All the final polls were outperformed by the YouGov MRP on both indicators that include the 2PP. This applies irrespective of what set of figures are used for the MRP, including those rounded to whole numbers.

Overall, the five final polls collectively more or less nailed the 2PP as a result of two moderate errors cancelling out: they overestimated the primaries for either Labor (everyone except Resolve) or the Greens (Resolve) but they also - irrespective of the method used for the headline 2PP - underestimated the 2PP preference flow to Labor.

A notable feature of the 2022 polling was the age of the final polls. Based on field dates the final poll data had an average age of 6.4 days as of election day, compared to 3.2 days in 2016 and 4.8 days in 2019. The trajectory of polling as election day approached is consistent with there having been some late swing against Labor. The pattern of the swing to Labor being higher in votes cast before the day is also consistent with late swing, but it can also be explained at least partly by more voters using postal voting and hence the postal voter pool becoming less conservative. Late swing might therefore be a genuine factor in these not-so-final final polls overestimating Labor's primary, but I doubt it's the full story, and it needs more investigation.

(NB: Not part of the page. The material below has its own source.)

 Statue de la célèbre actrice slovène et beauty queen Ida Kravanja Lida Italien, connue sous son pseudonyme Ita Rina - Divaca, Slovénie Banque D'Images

Winners: YouGov/Newspoll and Resolve

2PP Tracking

As noted, final polls are not everything. It is also useful to try to get a handle on whether polls accurately portrayed the state of voting intention in the leadup to the election or whether a poll that had either skewed to one side or bounced around like a frog in a sock got lucky, or did something different, with its final reading. And in this case, some polls did do something different: Morgan switched its 2PP method, Resolve started publishing 2PPs and Resolve also beefed up its final poll with a phone component (having published in advance it would do so). Also, some polls altered their methods as candidate lists became available. Who most likely had an accurate handle on what was going on in the several weeks leading up to the election?

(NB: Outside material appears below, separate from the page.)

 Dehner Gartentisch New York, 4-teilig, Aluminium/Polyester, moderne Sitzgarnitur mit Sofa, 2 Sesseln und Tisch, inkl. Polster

This is a challenging question to answer because it is very hard to answer it without subjecting a poll to some sort of judgement by a jury of its peers and/or itself. If one poll consistently told a story that other polls did not agree with, and that story ended up being the result, then was that poll right all along with the others herding to it at the end, or was that poll wrong? Also, a poll moving around is a good thing if (as in 2013) voting intention is clearly moving around during the campaign.

I suspect you'll find more sophisticated analysis of the tracking question elsewhere (looking at where the dots come out on Mark The Ballot's aggregation graphs is often interesting.) For my own attempt, I looked at released 2PPs in polls since the start of March and took as a starting point that the average of the final week 2PPs more or less nailed it. I found provisional house effects for the individual pollsters in the leadup based on the assumption that on average the polls had been right when taken, but split Morgan's 2PP polls into those that used respondent preferences as a headline and those that used last-election preferences. I then "corrected" each individual poll for these apparent house effects. I found that the scarcity of polls in March meant that the first usable week of data for tracking comparisons was that through to 2 April.

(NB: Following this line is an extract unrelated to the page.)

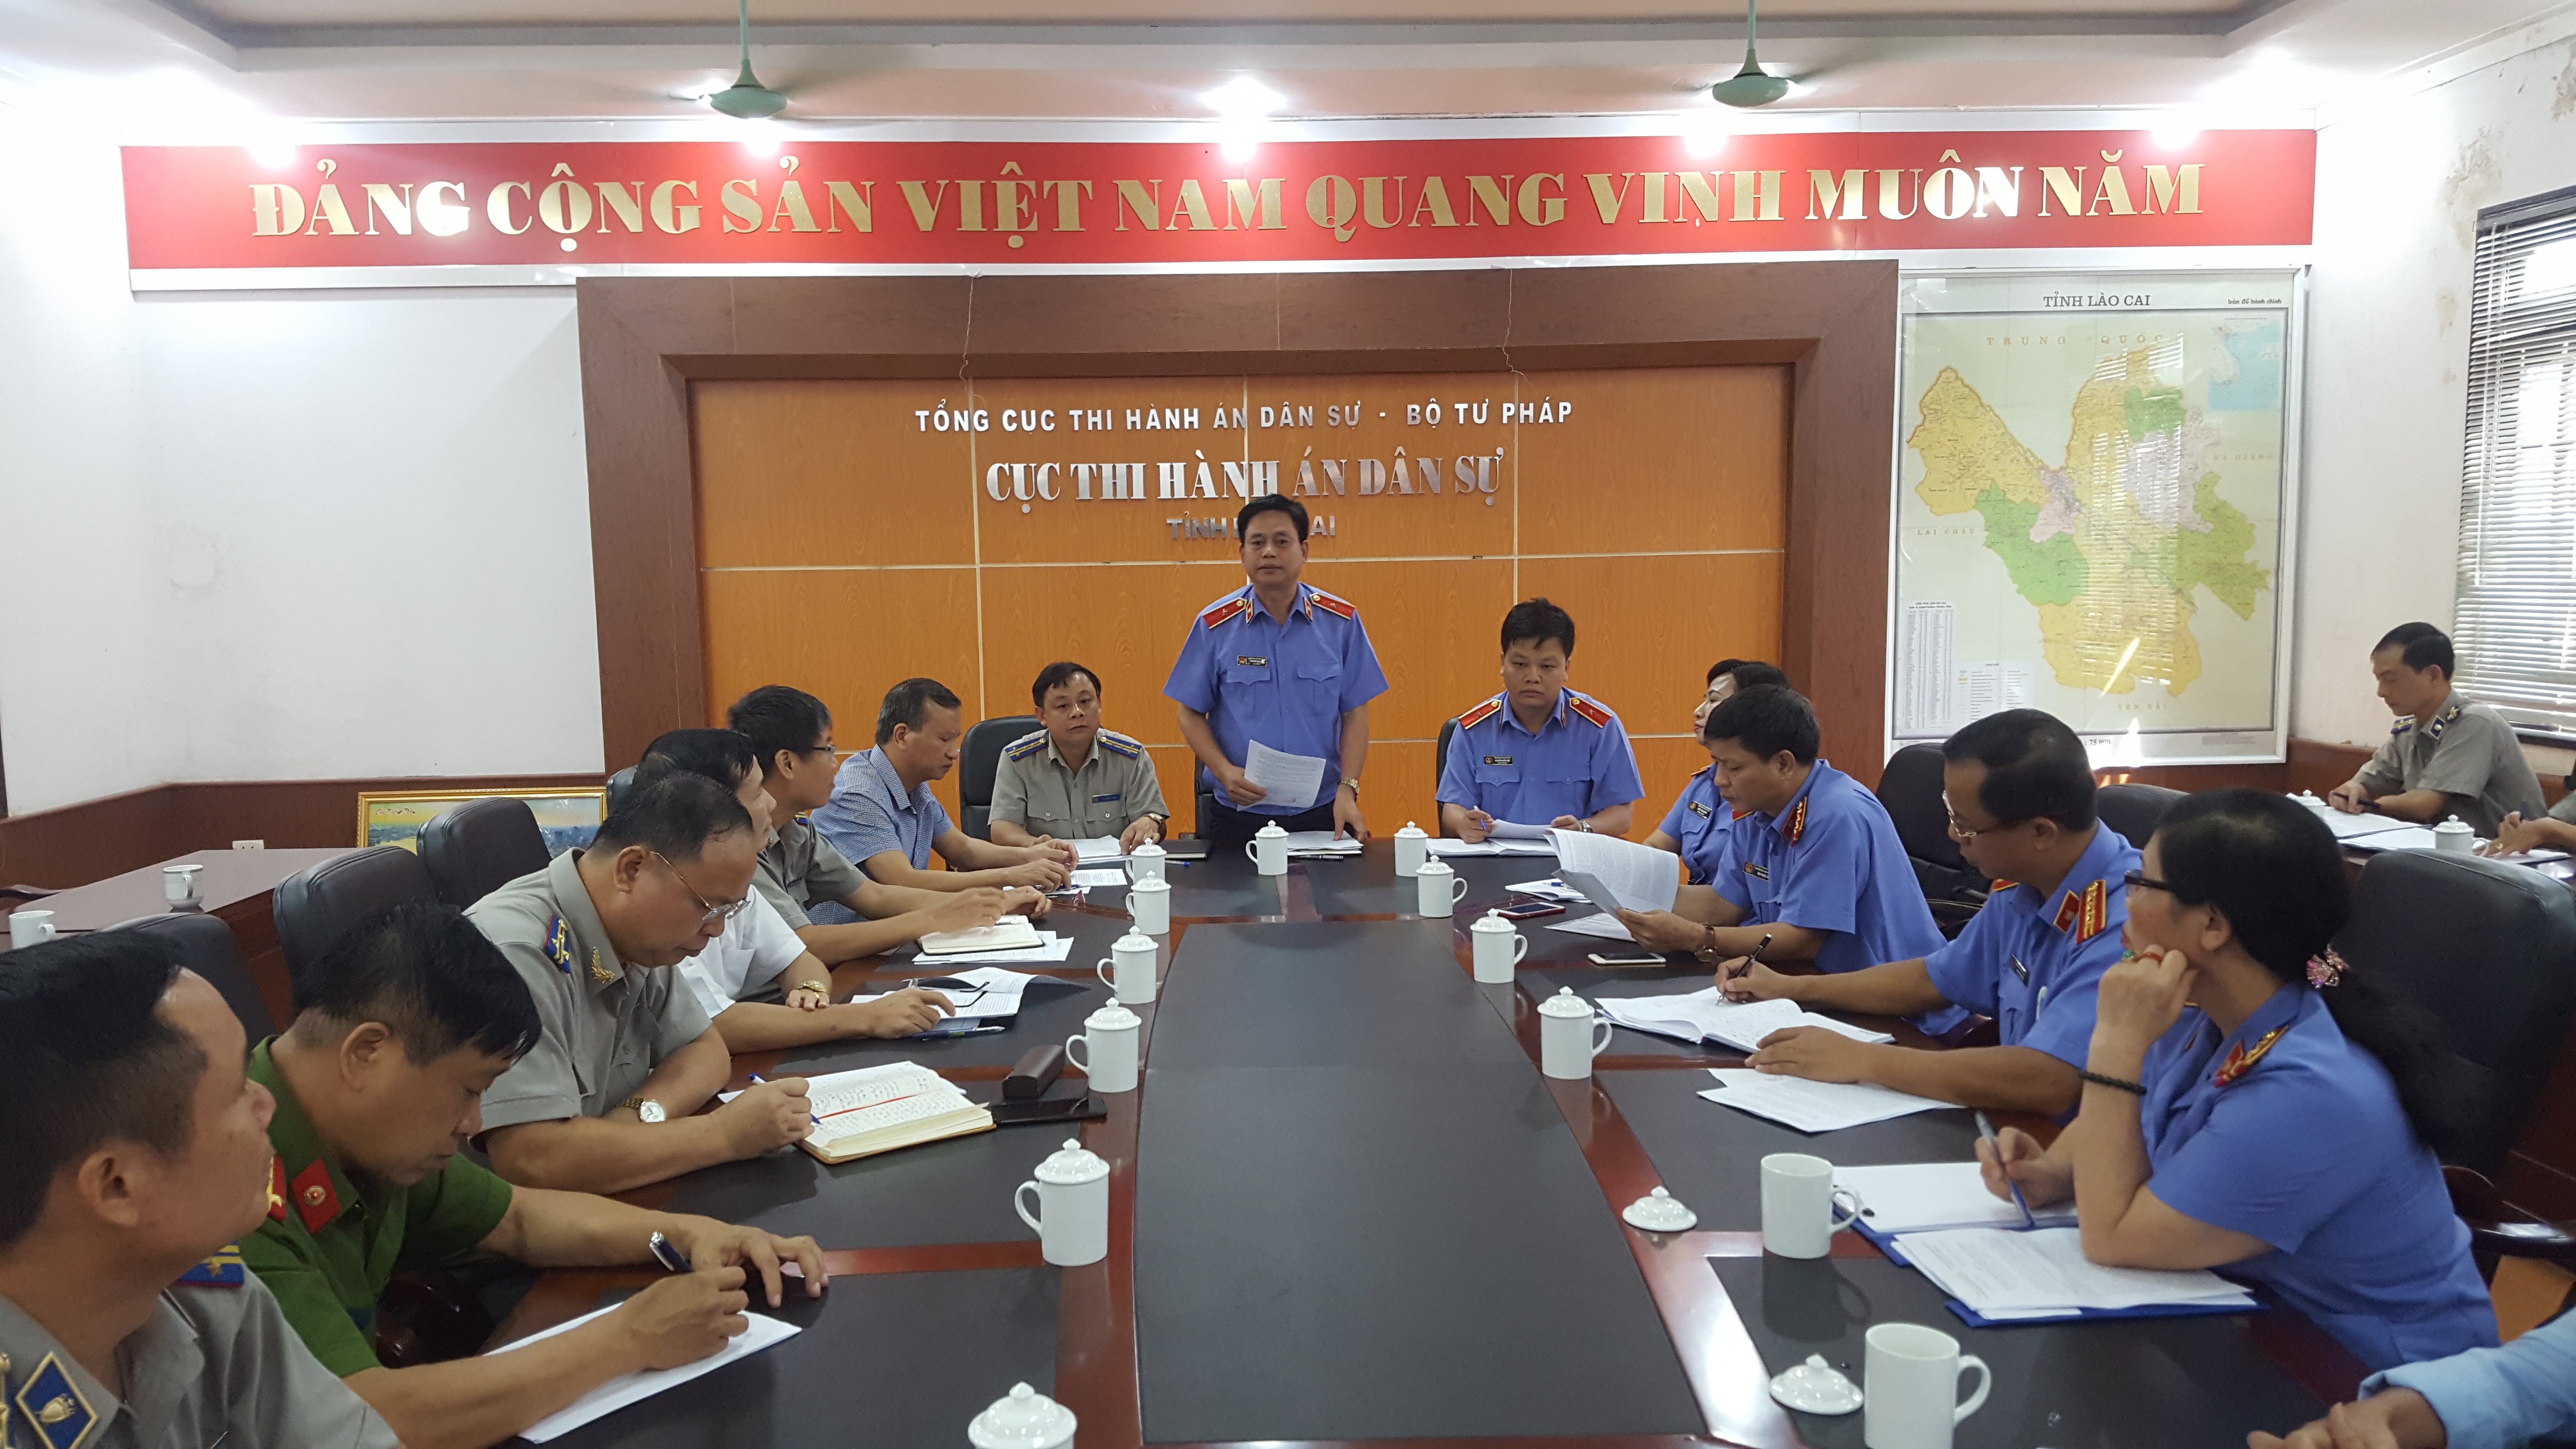 Viện kiểm sát nhân dân tối cao trực tiếp kiểm sát việc tuân theo pháp luật trong hoạt động thi hành án dân sự tại Cục Thi hành án dân sự tỉnh Lào Cai

For each poll I compared the released 2PP (or derived for those polls with no released 2PP) to the average of the "corrected" polls by other pollsters released in that week. On this basis I estimated an average lean for each poll relative to what other polls found to be going on at the time (as adjusted for their house effects) and I also found the standard deviation (the lower the better) for the errors implied by this method.

The following were the results:

This is a rubbery method but its results are very consistent with my impression of the polls during the election leadup. Morgan and Ipsos produced at times implausibly strong readings for Labor and Morgan was also too volatile. Essential generally seemed asleep even when other polls suggested the Coalition was having an especially bad time of it (this is probably because of its use of party ID as a weighting). This leaves Newspoll and Resolve, neither of which had any skew to speak of but Newspoll was generally steady while Resolve tended to swing from disastrous to fairly benign results for the Coalition. Only one Newspoll in early April was flagged by this method as any sort of outlier, but this may well have been because the Morgan and Resolve polls in the same week were laying it on a bit thick for Labor (even in the former's case by Morgan's standards). When I expand the comparison to include the previous week's polls, Newspoll's SD drops further to 0.7 while Resolve's increases to 1.7. All up I consider that Newspoll had the best 2PP tracking.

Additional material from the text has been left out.